Review Date: 2002-08-04
What can I say, that hasn't already been said? Huey P. Newton was a very complex individual, and I find myself reading a section over a second time to digest what was written. It's worth it no doubt. When you start to read this book, you will not be disappointed, Newton sheds light on even personal matters like falling in love, and views on family. This is great if you want specifics on Mr. Newton himself, and not just the BPP as a whole.

A must read
Helpful Votes: 7 out of 7 total.
Review Date: 2001-10-11
If you're going to study the Black Panther Party, you of course must check out a story of its preminent leader. I thoroughly enjoyed this book. He gave me an understanding what it meant to be a radical Black activist during the 60s and 70s. It meant that you had to be courageous, committed, and five steps ahead of the cops, the FBI, and informants.

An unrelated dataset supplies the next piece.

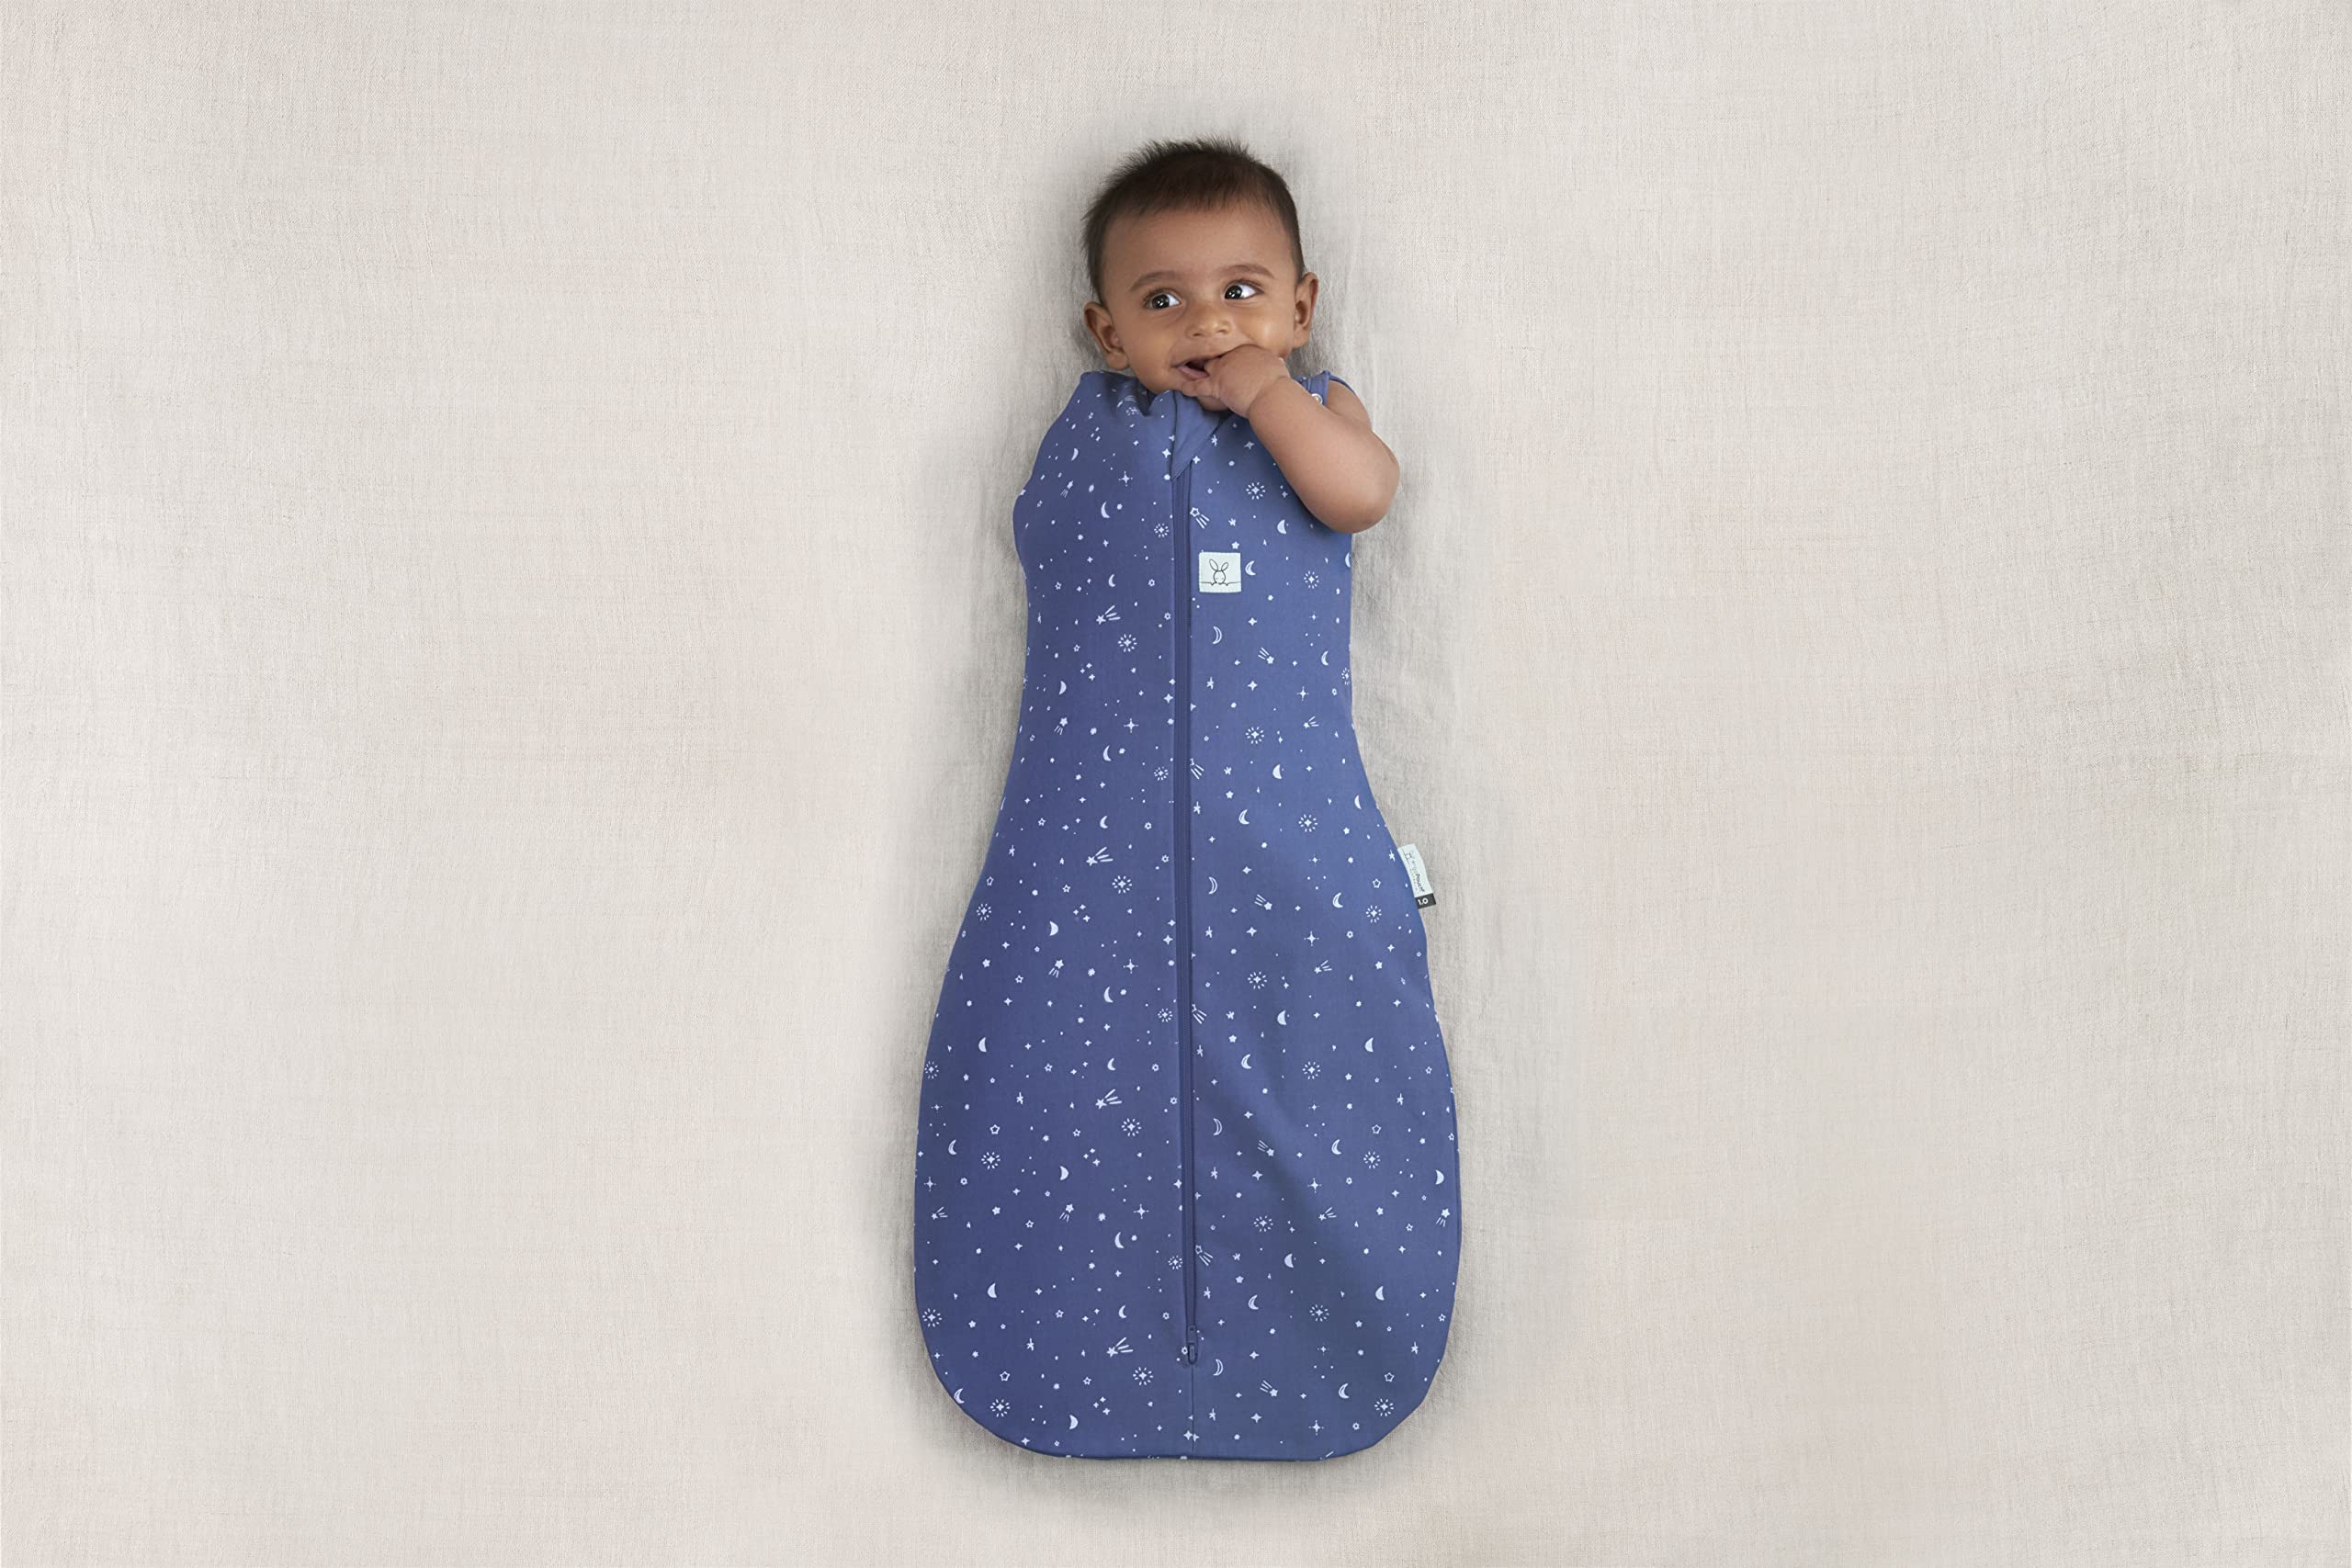 ergoPouch 1 tog Baby Sleep Sack 0-3 Months - Baby Sleeping Sack for Warm & Cozy Nights - Cocoon Swaddle Sack Baby Keeps Calm & Relaxed (Night Sky)

Of course, now, this is Huey's account of the Party. While his is seriously important, the works of other Panthers and scholars who are now publishing works about the Panthers must also be studied. For now that I'm reading a biography on another Panther leader, Geronimo Pratt, I'm very interested in understanding more about the political split that took place in the BPP. Why did Huey expell Pratt from the Party? Why did Eldridge Cleaver turn out to be so reactionary? I look forward to reading other books on the Panthers to answer these and other questions.